The restore procedure works in reverse, streaming and uncompressing the backup from object storage back onto the guest, then using the mongorestore command to restore the database, or streamed and uncompressed in-place, if the tools support it.

The _perform_restore and create_backup methods are implemented in: trove/guestagent/datastore/experimental/mongodb/manager.py

The backup and restore implementation will go in their respective strategy folders: trove/guestagent/strategies/backup/experimental/mongo_impl.py trove/guestagent/strategies/restore/experimental/mongo_impl.py

Alternatives

As of version 3.0, MongoDB supports consistent, point-in-time snapshots with the use of --oplog to the mongodump command for single-server deployments. Operations committed after the start of the mongodump command are logged to a separate file, and this file can be replayed with the --oplogReplay parameter to mongorestore. As previous versions of MongoDB, and sharded installations do not support this, it has been left as future work: a subclassed backup/restore strategy could be easily implemented for MongoDB 3.0 guests.

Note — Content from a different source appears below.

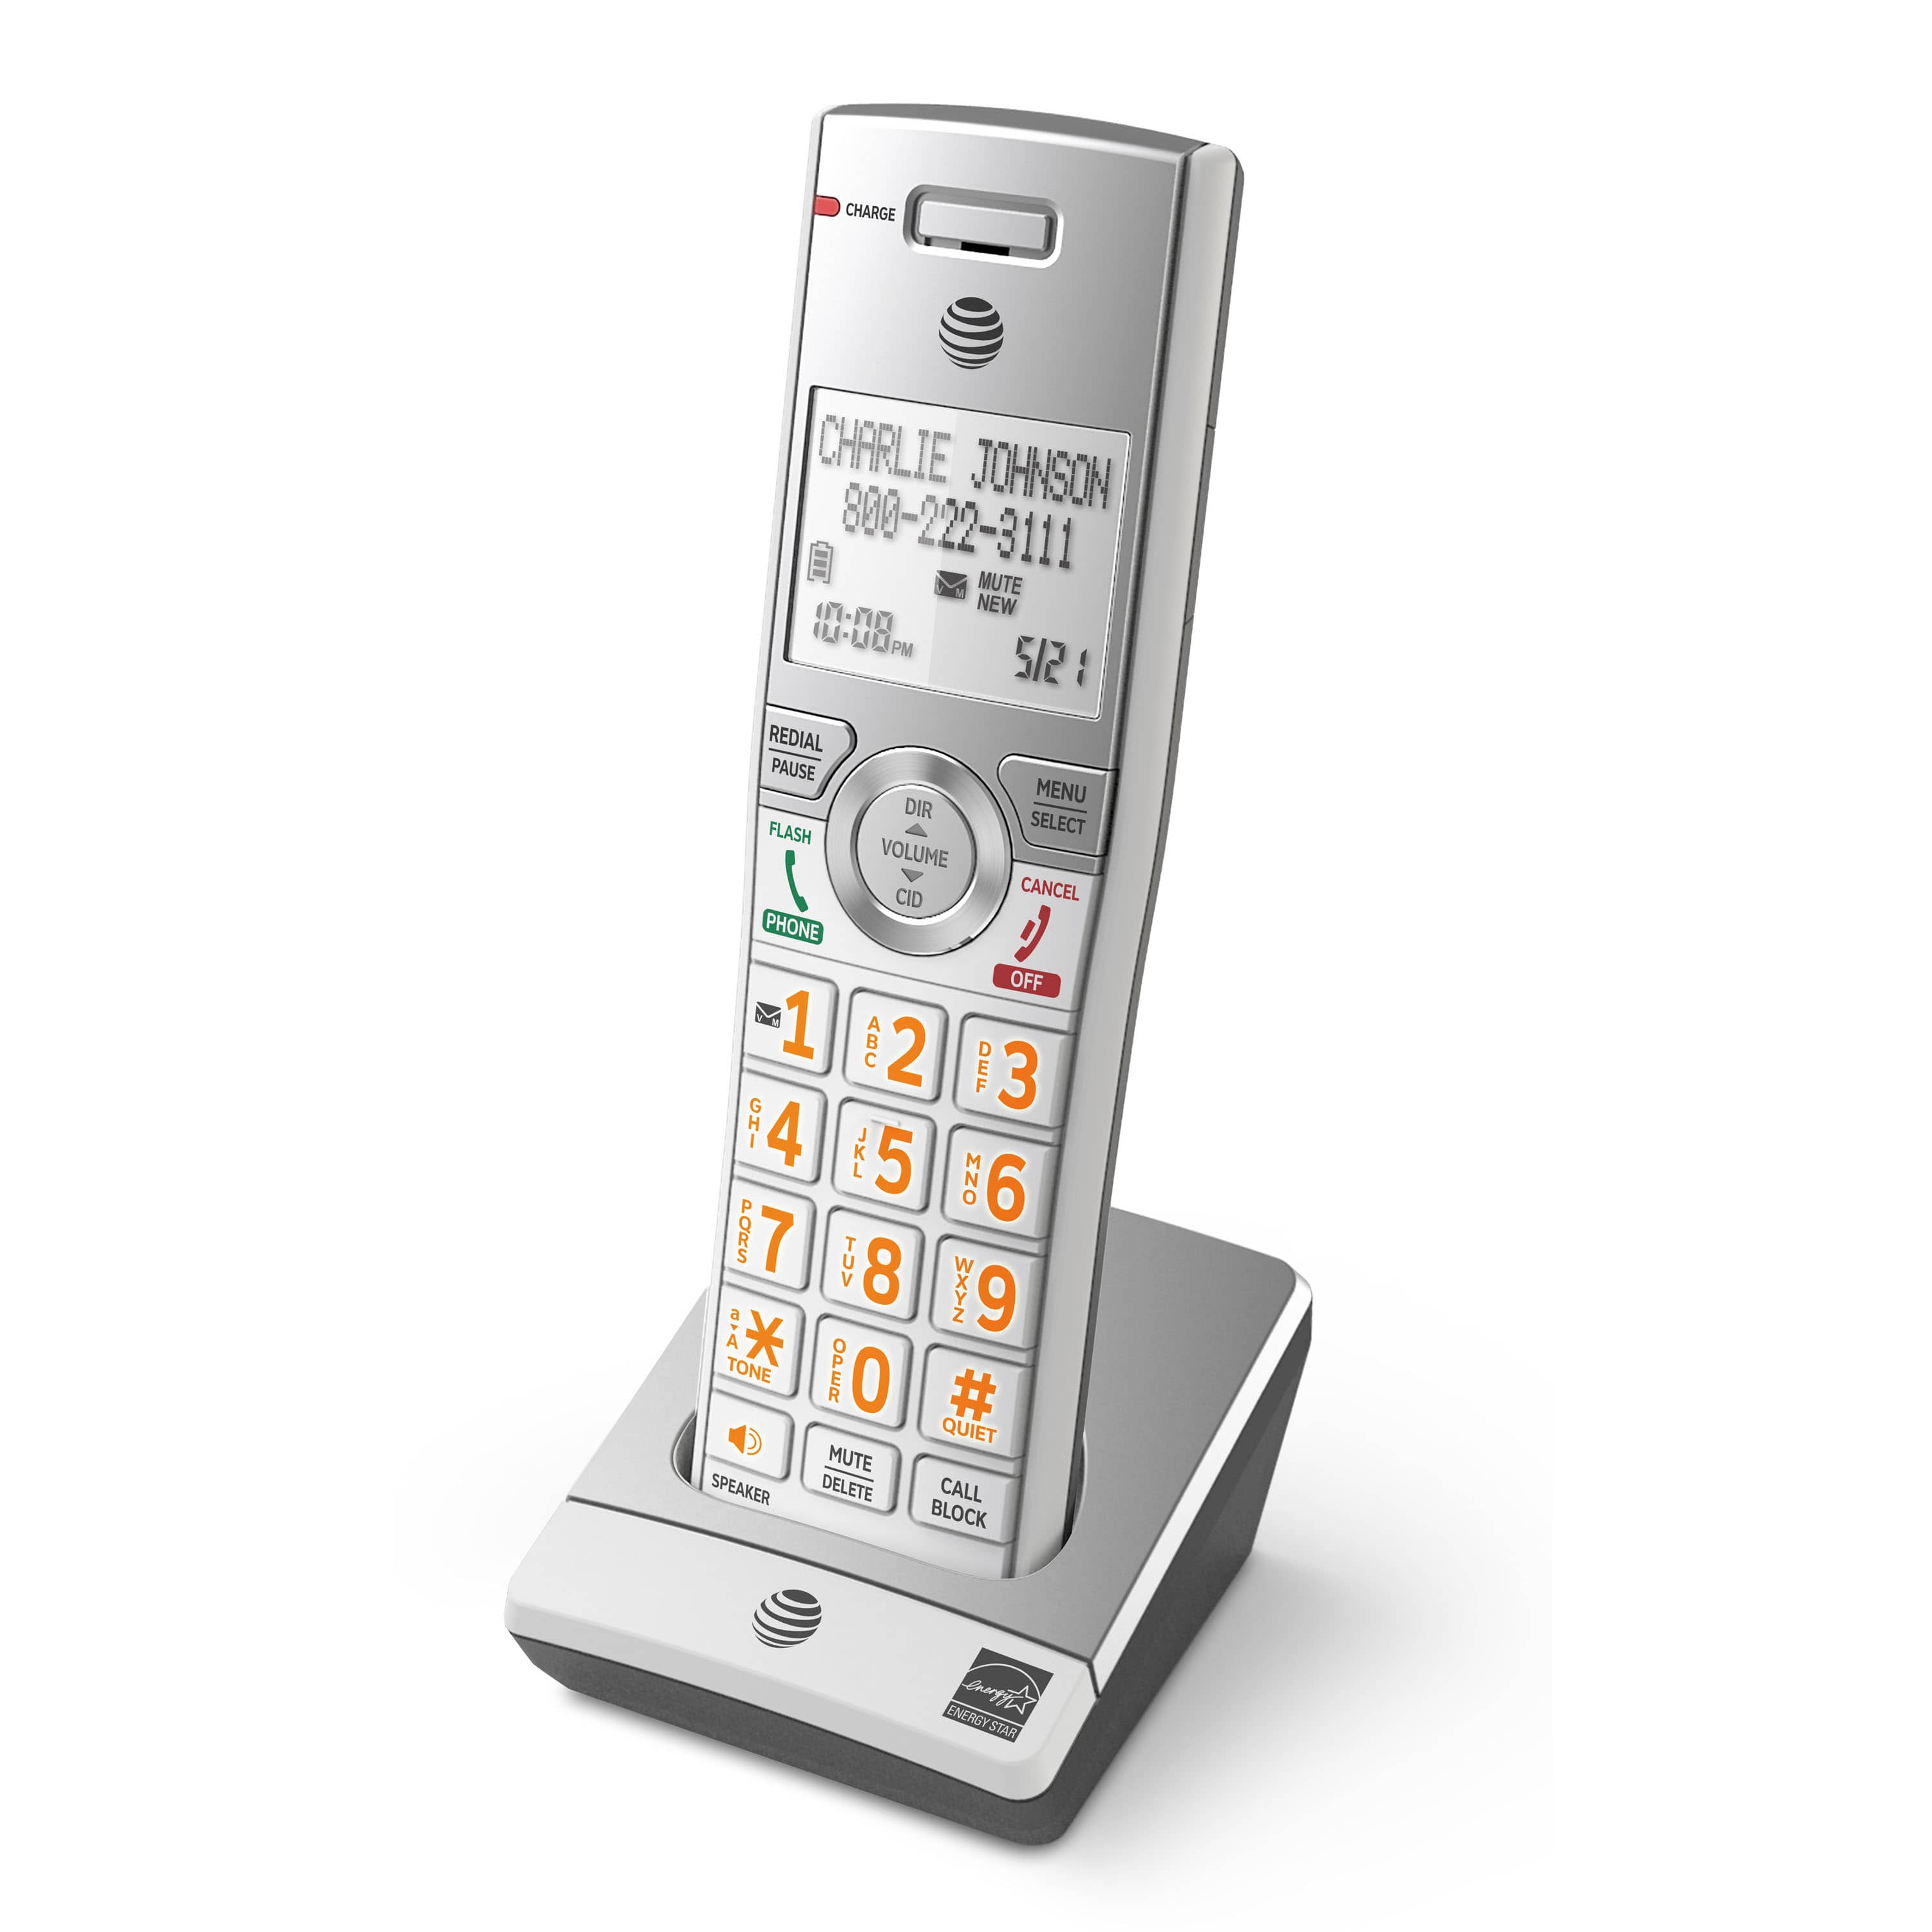 6 handset phone system with smart call blocker - view 7
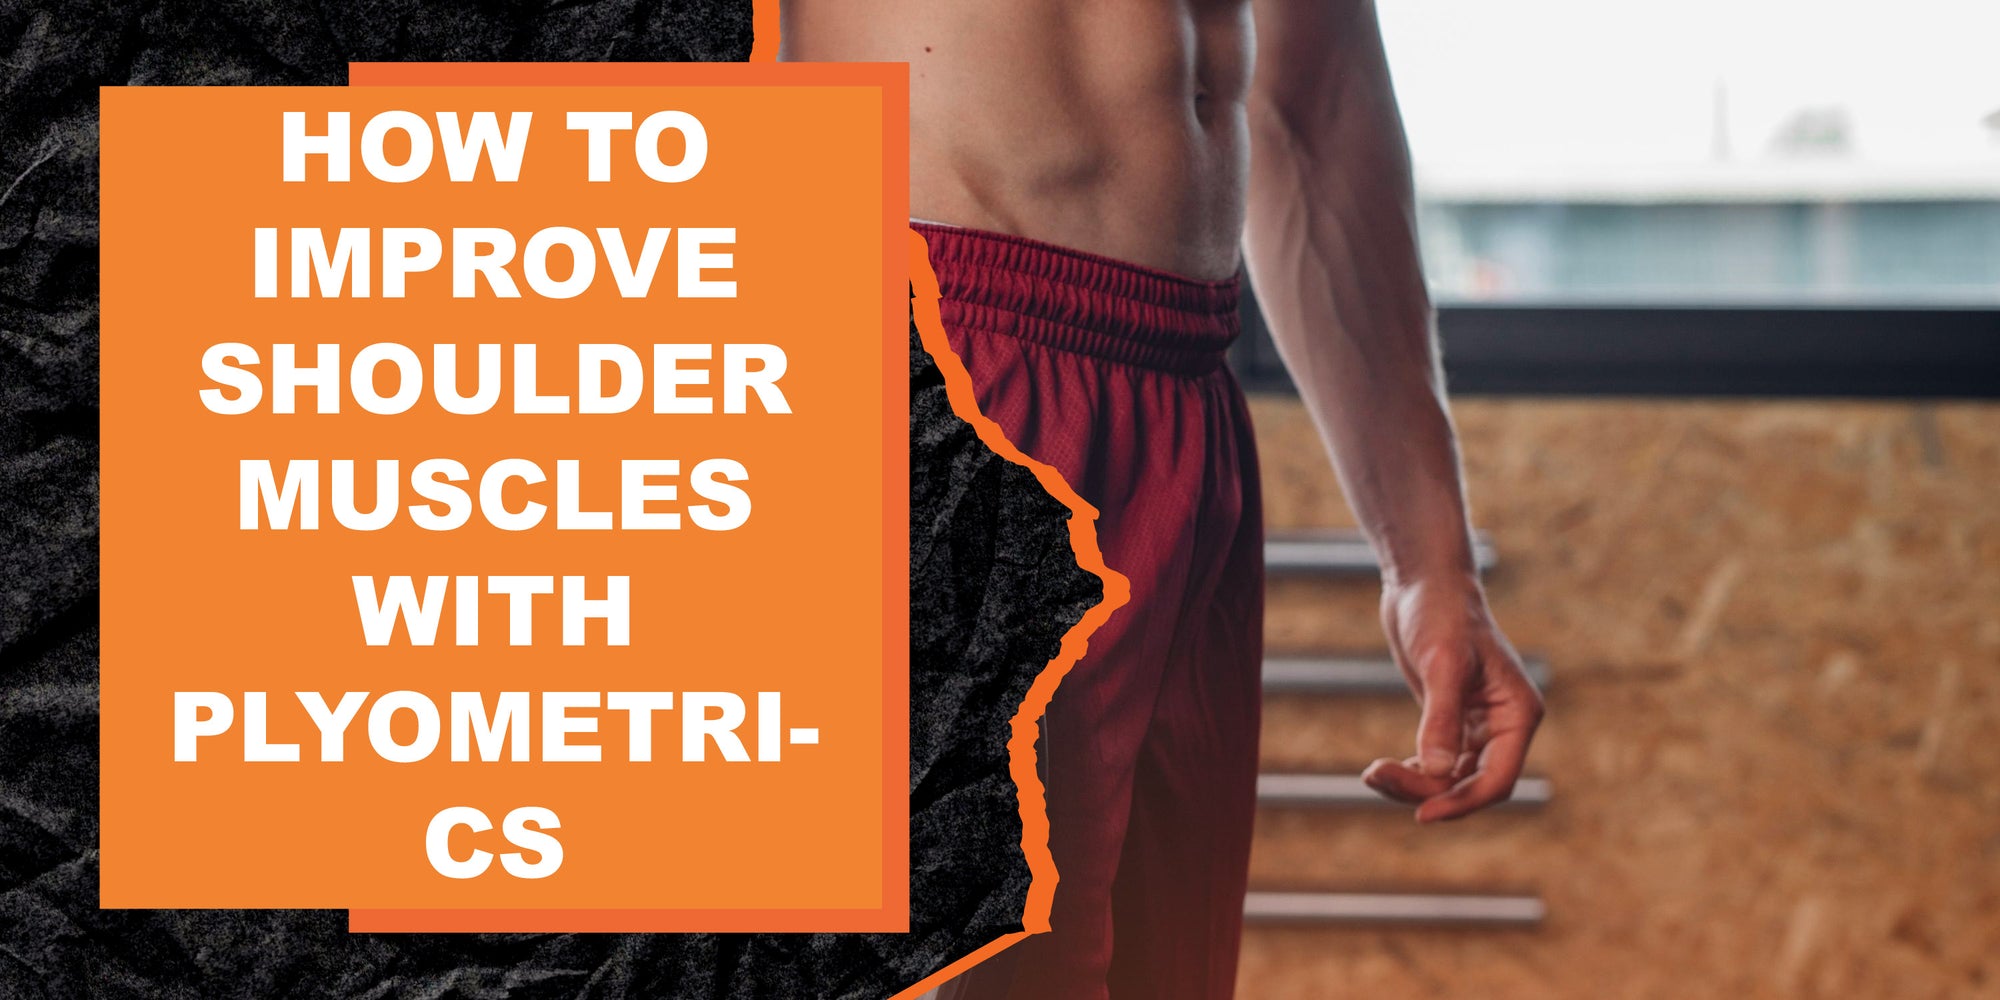 How to Improve Shoulder Muscles with Plyometrics

In addition, the MongoDB documentation recommends filesystem snapshots as the preferred way to do backups5. This pushes the problem down to the storage layer, and so is currently not implemented as a backup/restore strategy for any datastores in Trove. A spec was previously proposed67, and discussed on the mailing list8 but has yet to be implemented.

Implementation

Assignee(s)

Primary assignee: atomic77

Building on previous efforts of:

Ramashri Umale <rumale@ebaysf.com>, Viswa Vutharkar <vpvutharkar@ebaysf.com>

Milestones

Target Milestone for completion:

liberty-1

Work Items

  • rebase of last patchset uploaded on Oct 14, 2014 to current upstream trove
  • change backup/restore to operate on a running MongoDB, as MongoDB 3.0 deprecates --journal and --dbpath for mongodump
  • review existing test cases for gaps, implement as necessary

Upgrade Implications

None.

Dependencies

None.

Testing

Test cases used for testing backup/restore for MySQL will be adapted to run against MongoDB.

Documentation Impact

The documentation should reflect that MongoDB backup/restore is supported for single instances.

References


  1. https://blueprints.launchpad.net/trove/+spec/single-instance-mongodb-ga↩︎

  2. https://jira.mongodb.org/browse/TOOLS-23↩︎

  3. https://github.com/timisbusy/dumpstr↩︎

  4. http://docs.mongodb.org/manual/reference/program/mongodump/#bin.mongodump↩︎

  5. http://docs.mongodb.org/manual/tutorial/backup-with-filesystem-snapshots/↩︎

  6. https://blueprints.launchpad.net/trove/+spec/volume-snapshot↩︎

  7. https://wiki.openstack.org/wiki/Trove/volume-data-snapshot-design↩︎

  8. http://lists.openstack.org/pipermail/openstack-dev/2014-April/032673.html↩︎